EXERCISE OBJECTIVE:
Leave out the pictures and output exactly the lines below from the one with "Camp Nou stadium" down to the one with "Aquaな露天風呂Vol.208 盗撮 隠し撮りオマンコ動画紹介 85画像 14", both of them included.

RECORDS FOR THIS EXERCISE:
------
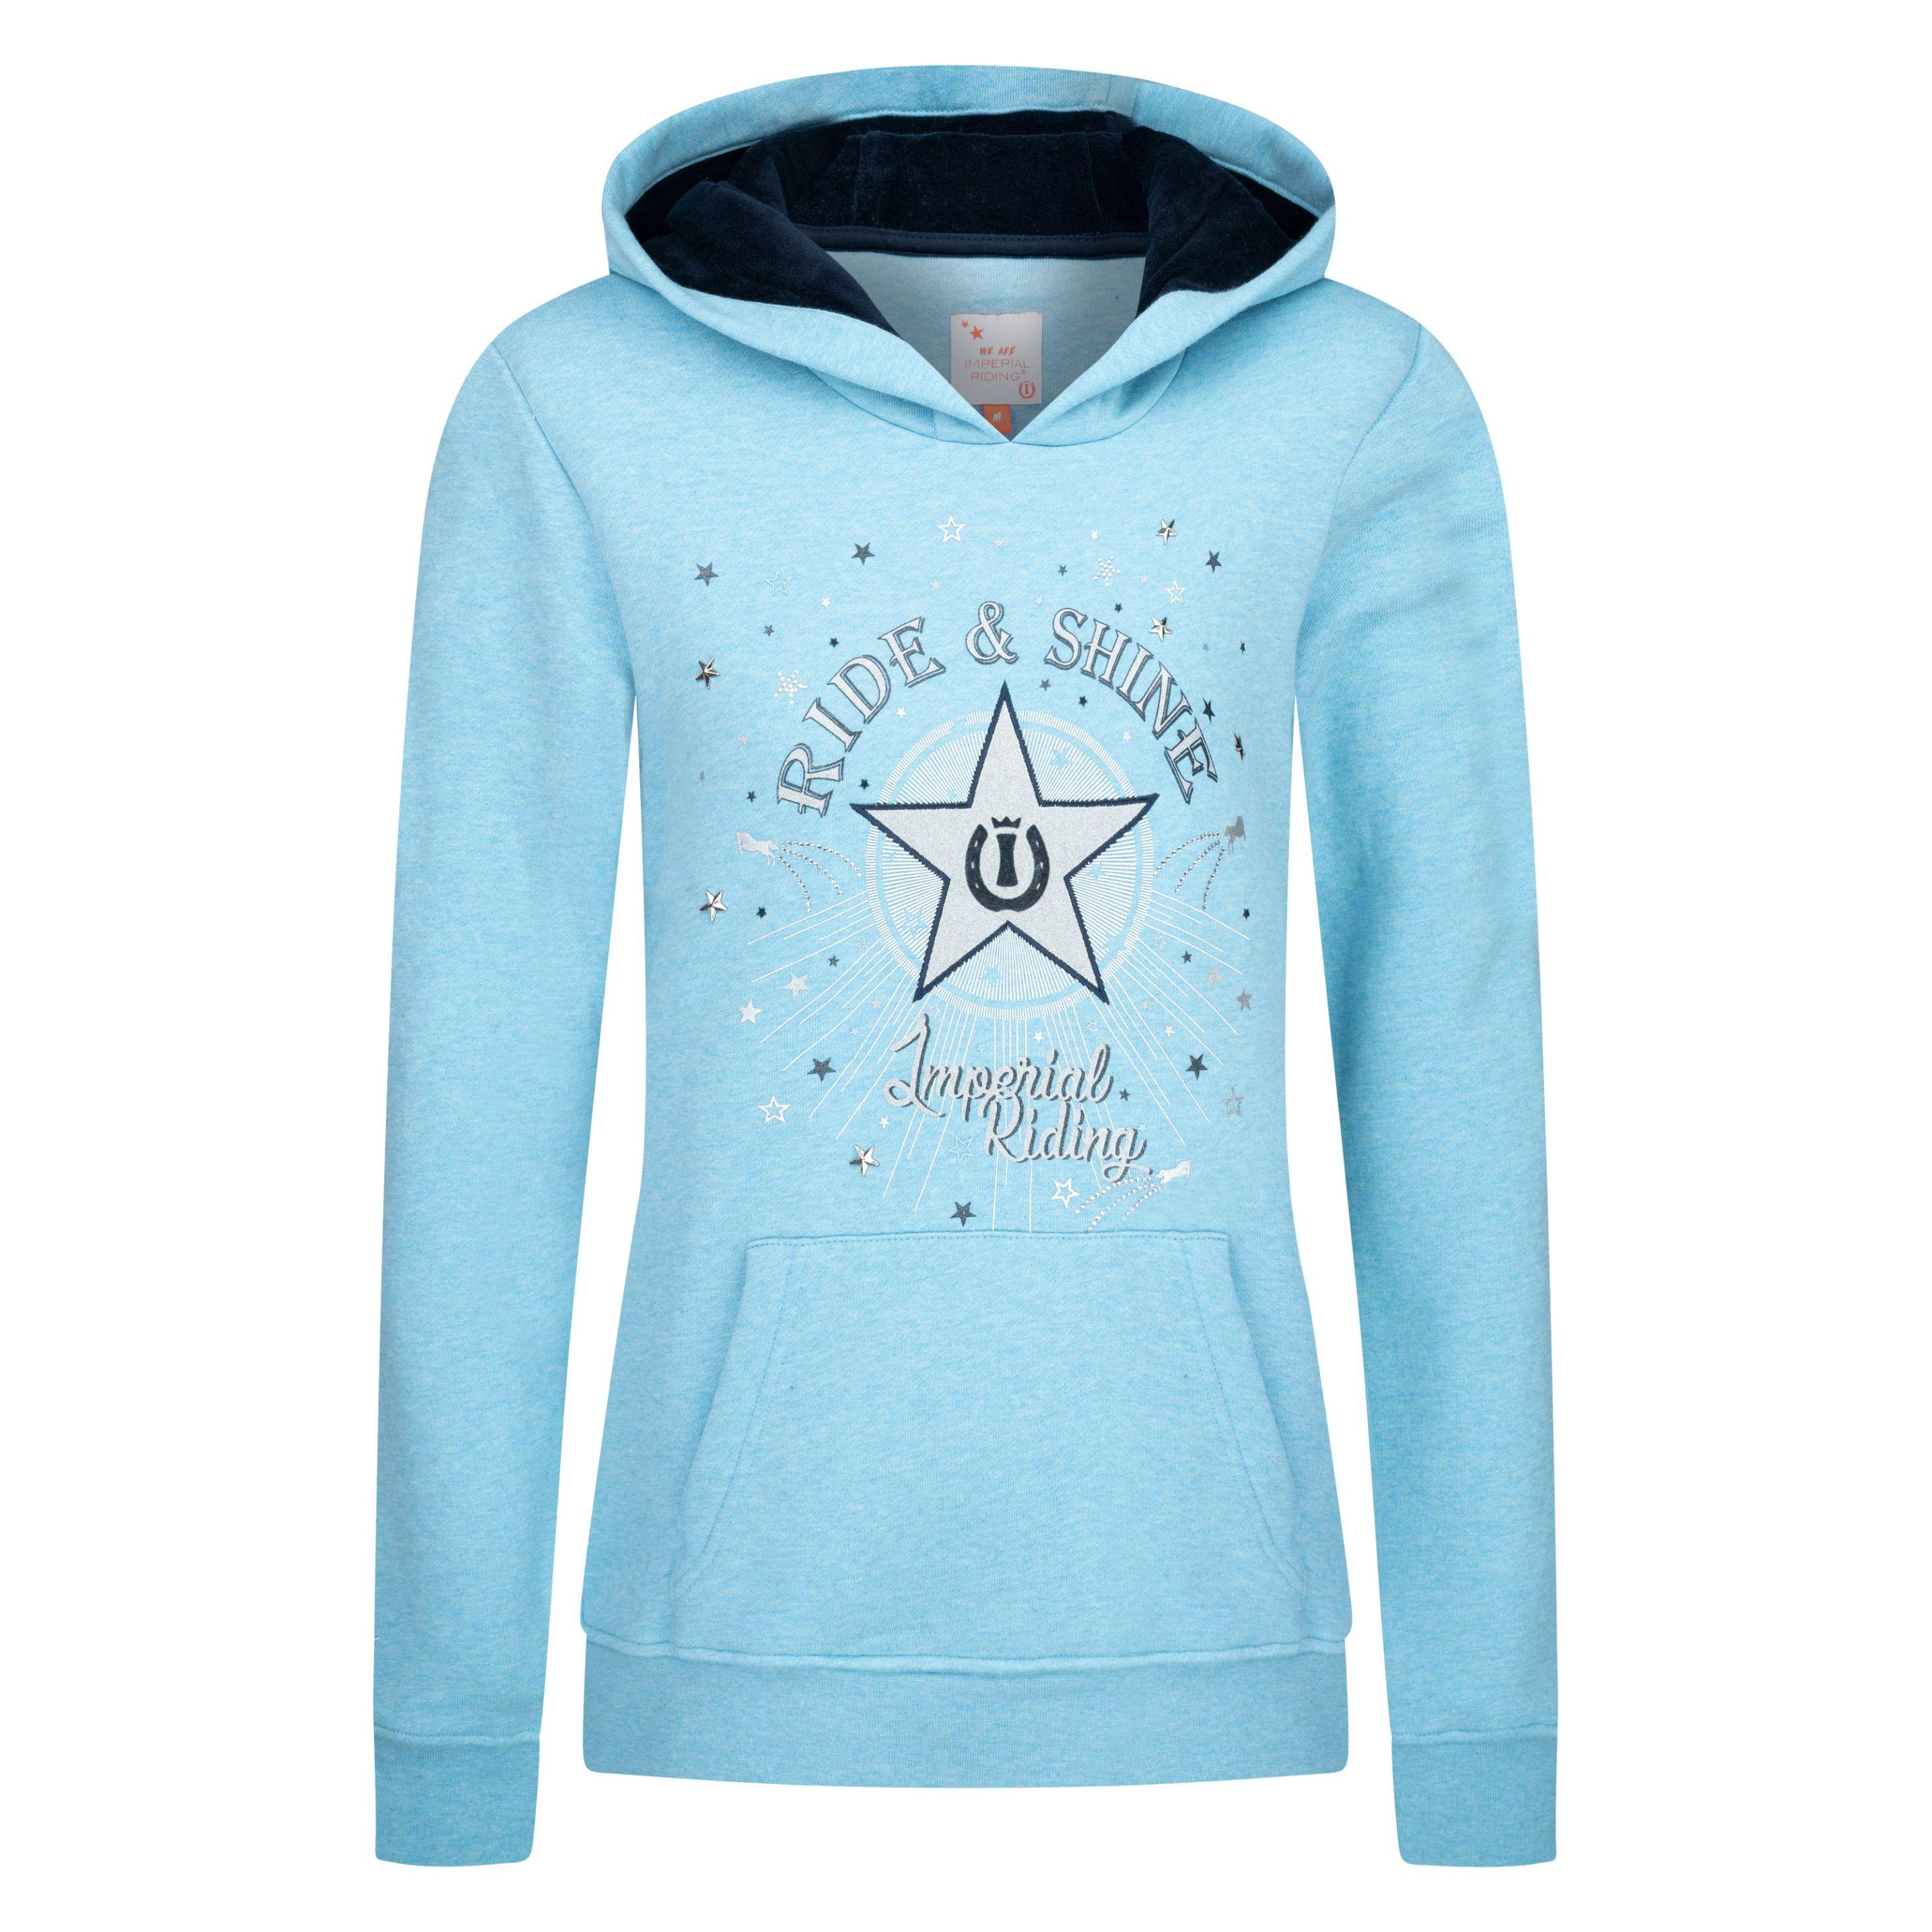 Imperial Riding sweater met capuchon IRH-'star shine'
------
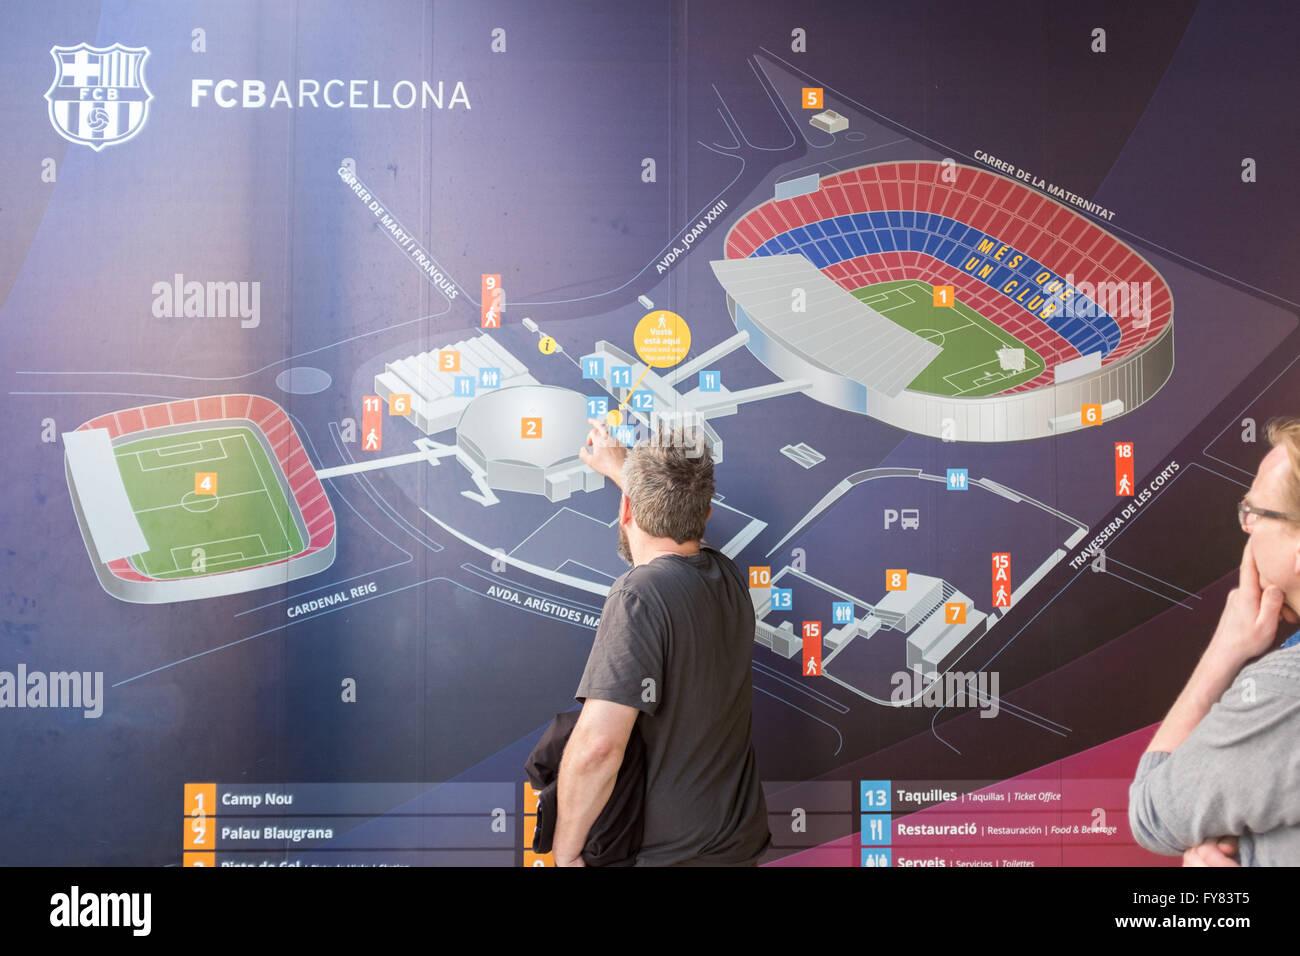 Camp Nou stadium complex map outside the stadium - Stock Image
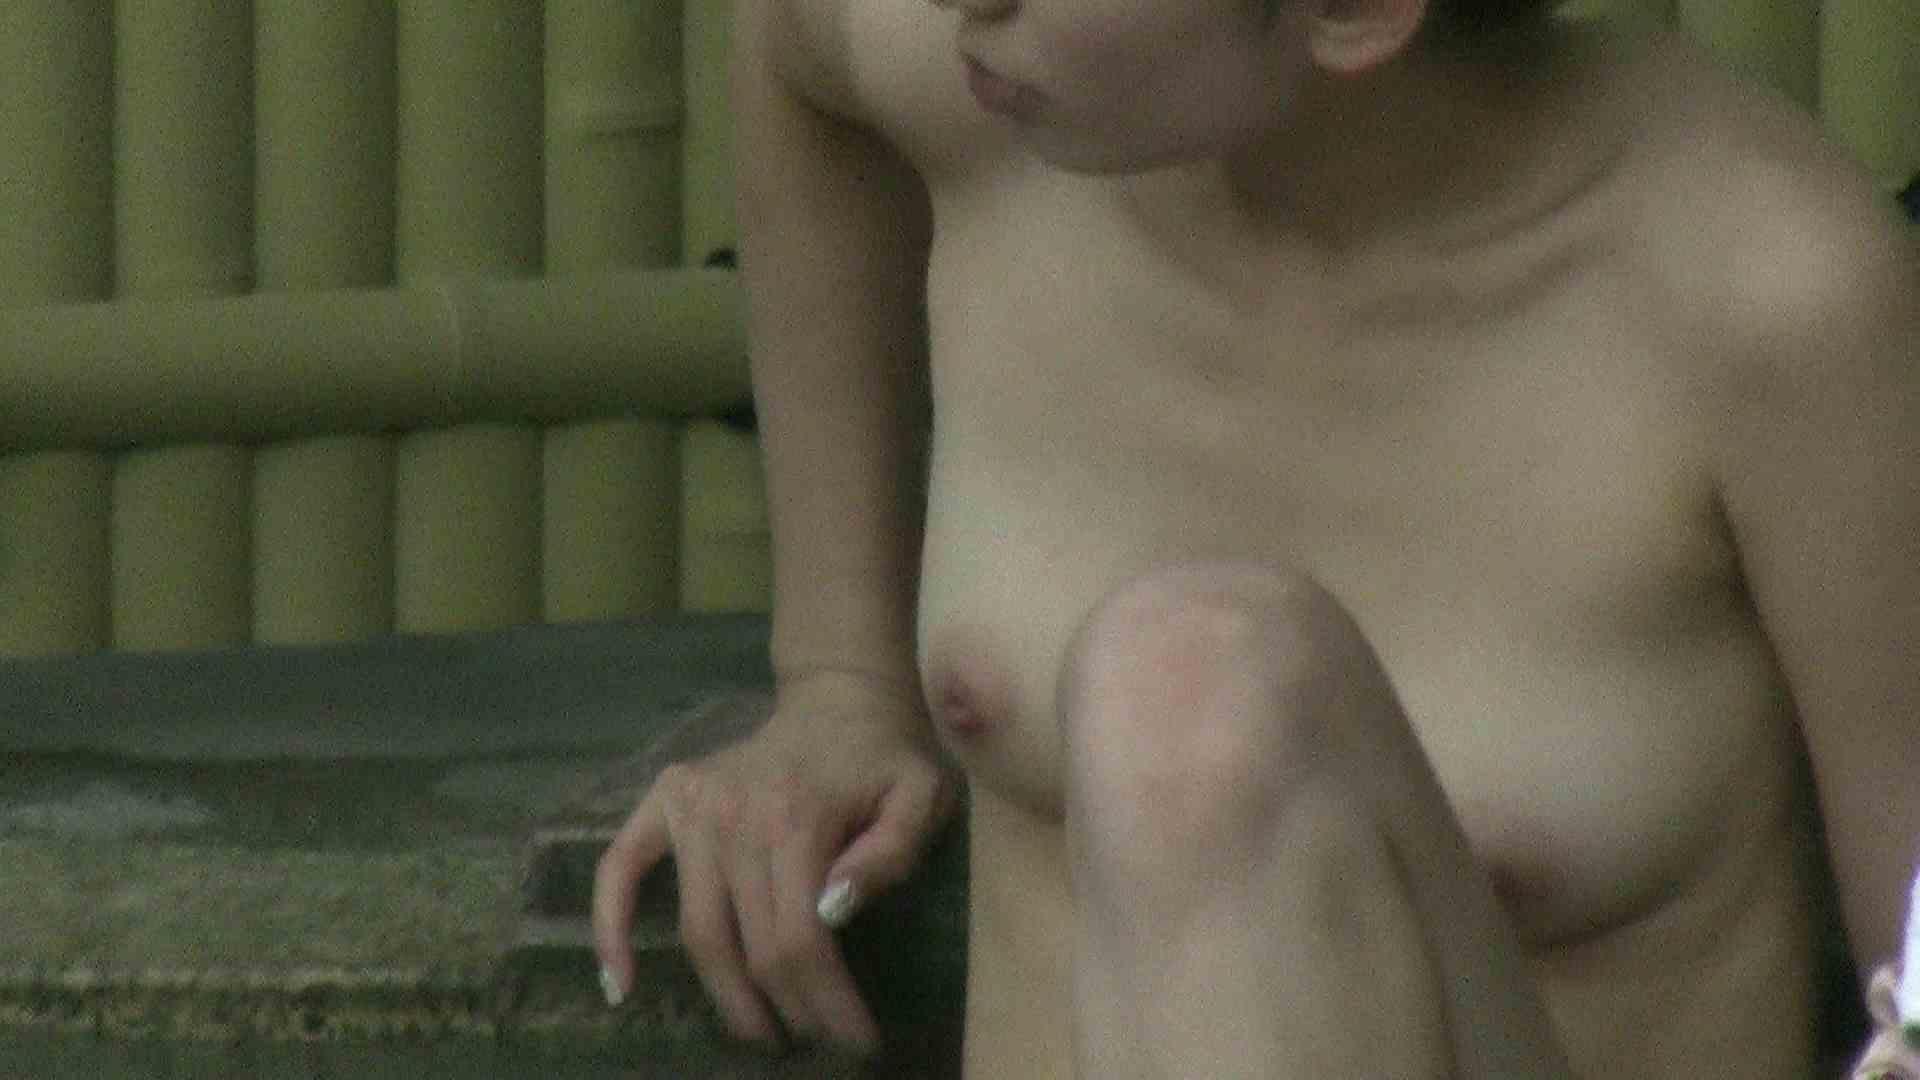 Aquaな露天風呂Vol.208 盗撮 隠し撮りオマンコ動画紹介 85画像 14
------
FINISHED TASK:
 Camp Nou stadium complex map outside the stadium - Stock Image
 Aquaな露天風呂Vol.208 盗撮 隠し撮りオマンコ動画紹介 85画像 14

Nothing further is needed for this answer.